I learned algebraic field $K$ and prime ideal $P$ of integer ring of $K$ is given, we can complete $K$ with respect to $P$. $P$'s ideal norm defines metric and complete $K$ by that metric.
I understand the definition, but I cannot calculate nontrivial examples.
For example,
What is completion of $ \Bbb{Q}( \sqrt{-1})$ at prime ideal $(3)$ ?
Some extension of $ \Bbb{Q}_3$ ? I want to know strategy to calculate this (not just result).
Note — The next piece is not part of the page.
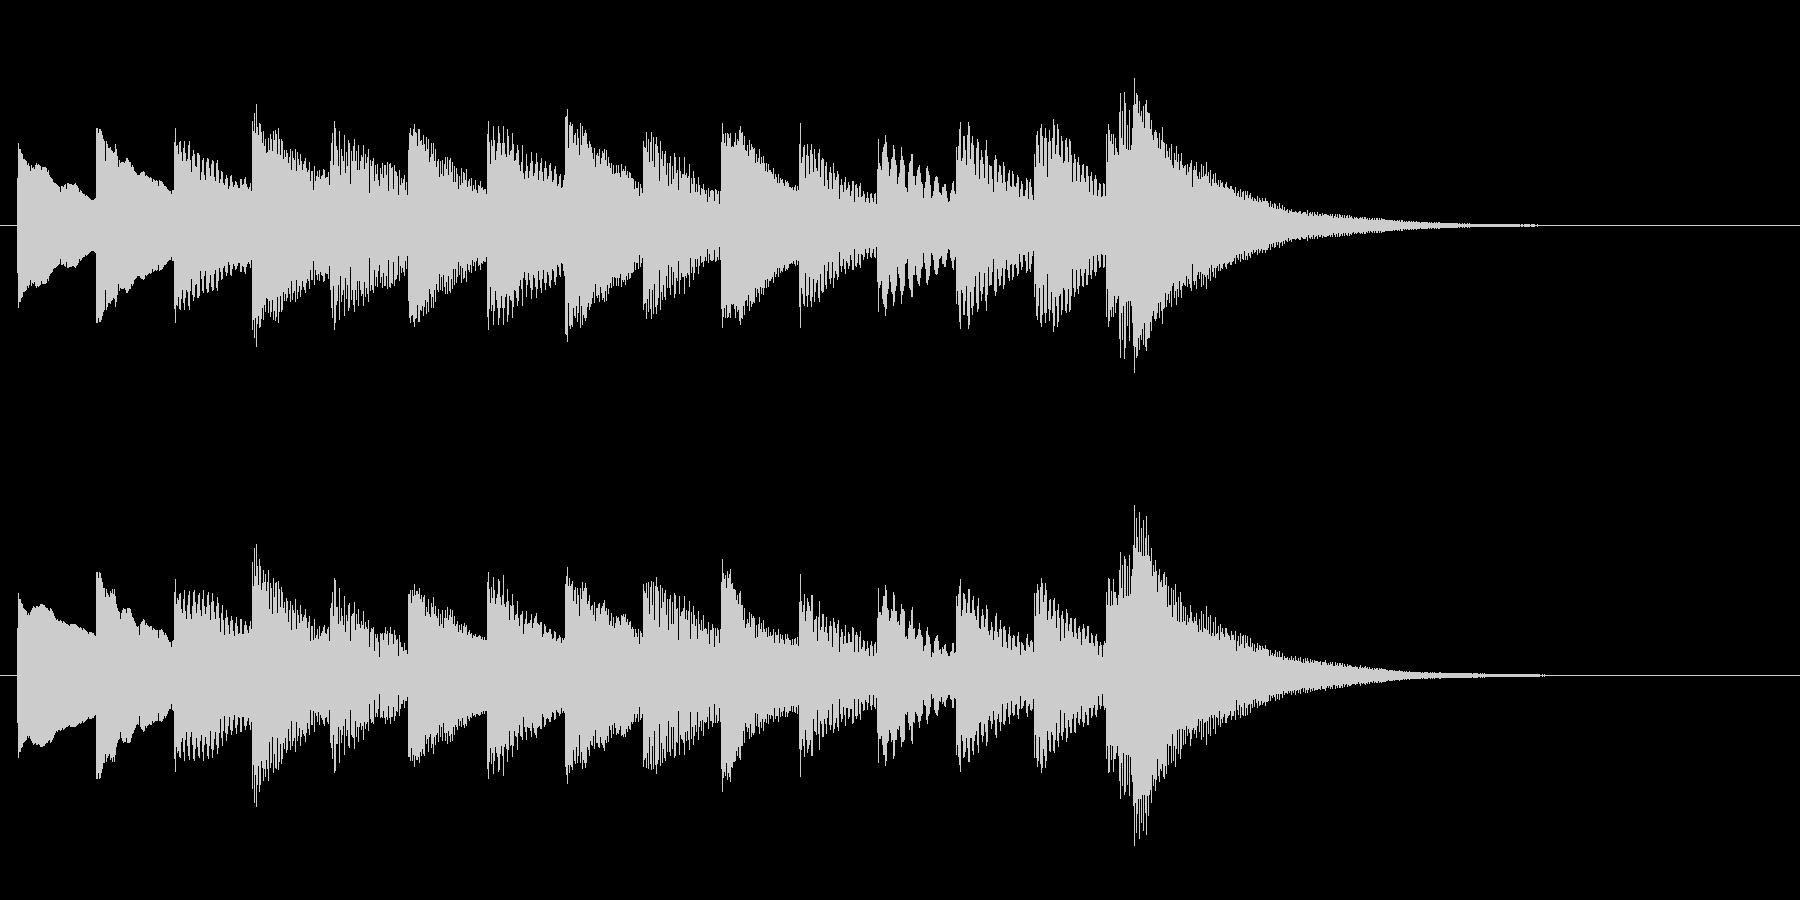 ほのぼのとした雰囲気のワンフレーズの未再生の波形
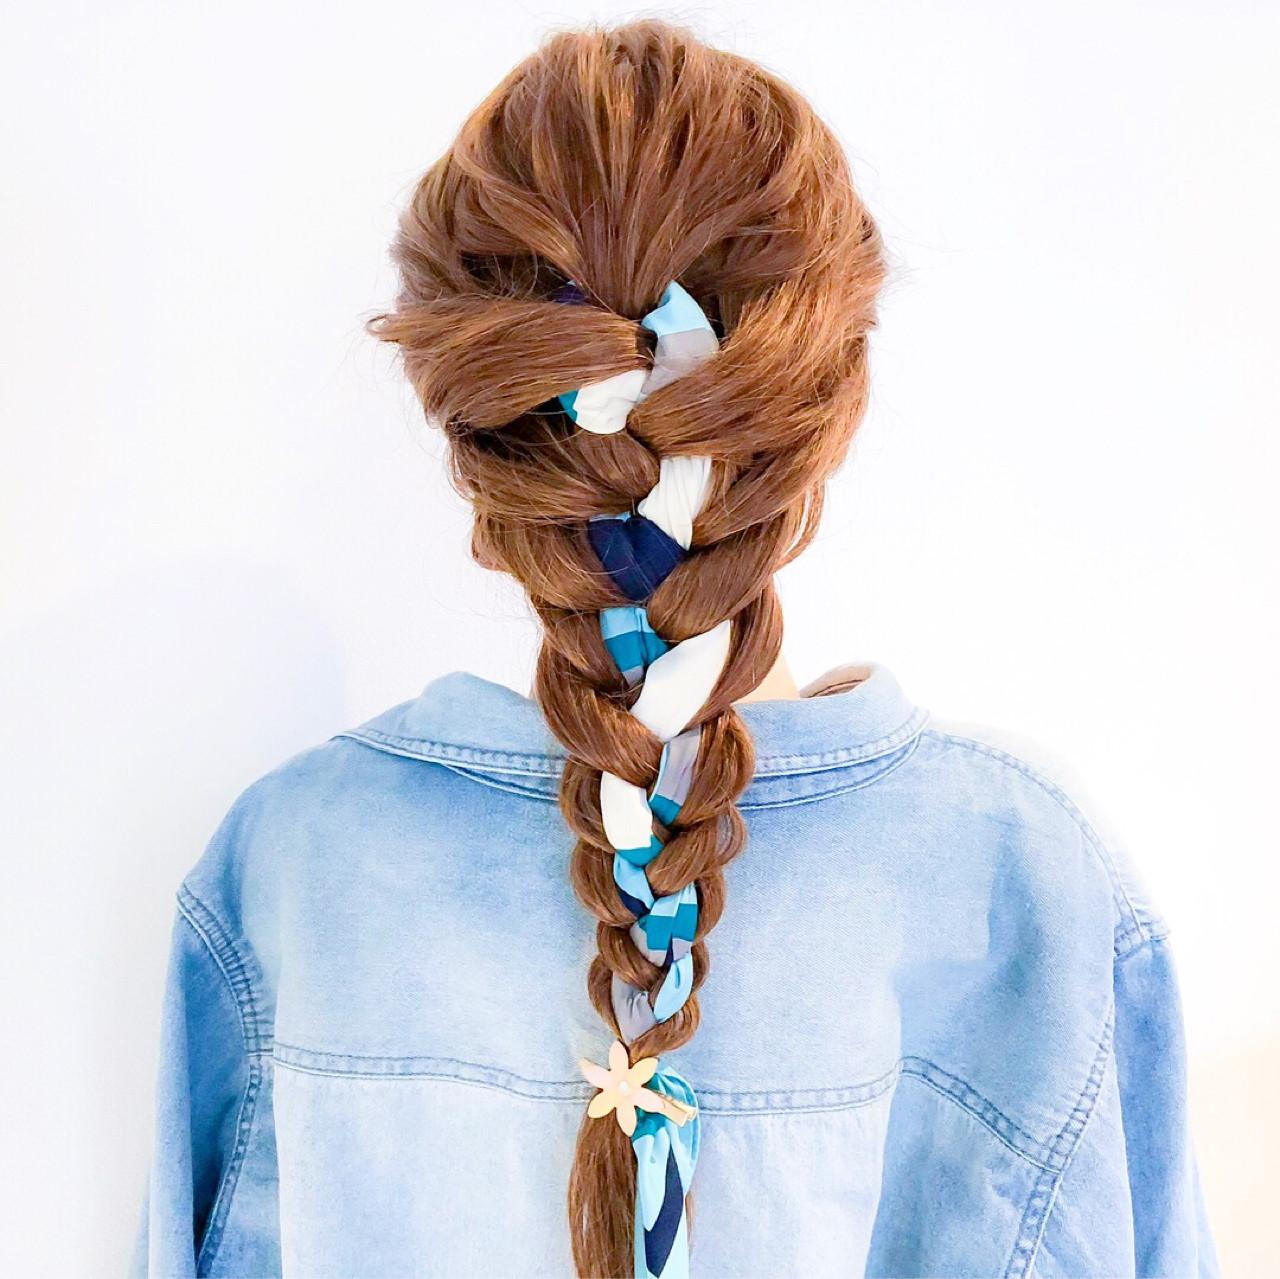 ロング アウトドア フェミニン 編み込み ヘアスタイルや髪型の写真・画像

Thank you for your kind help.
P.S
 Accurate definition is,
Let $F$ be a number field and let $\mathfrak{p}\in \mathsf{Spec} \: \mathcal{O}_F$. We have a non Archimedean valuation $\nu_\mathfrak{p}\colon F\longrightarrow\mathbb{R}_{\geq 0}$, given by $\nu_p(x):=\mathsf{card}(\mathcal{O}_F/\mathfrak{p})^{\mathsf{ord}_\mathfrak{p}(x)}$.
$F_\mathfrak{p}$ is completion with respect to valuation $\nu_p(x)$.
I want to know strategy to calculate this (not just result).
Best Answer
As observed in @ThomasPreu's answer, it is not efficient to construct a completion directly from the definitions. Rather, we know/realize/show that a finite-dimensional field extension of $\mathbb Q_p$ has a unique topological vector space (over $\mathbb Q_p$) structure. Thus, the essential point is to understand whether an algebraic element $\alpha$ over $\mathbb Q$ extends $\mathbb Q_p$, or not, or how far.
Very often, Hensel's lemma and solvability of equations mod $p$ is the essential starting point.
In the case at hand, since $\mathbb F_3\approx \mathbb Z/3$ has no $\sqrt{-1}$, there is no $\sqrt{-1}$ in $\mathbb Q_3$. Thus, adjoining $\sqrt{-1}$ gives a degree-two extension... whose topology is that of a two-dimensional vector space over $\mathbb Q_3$. The latter is (provably) unambiguous.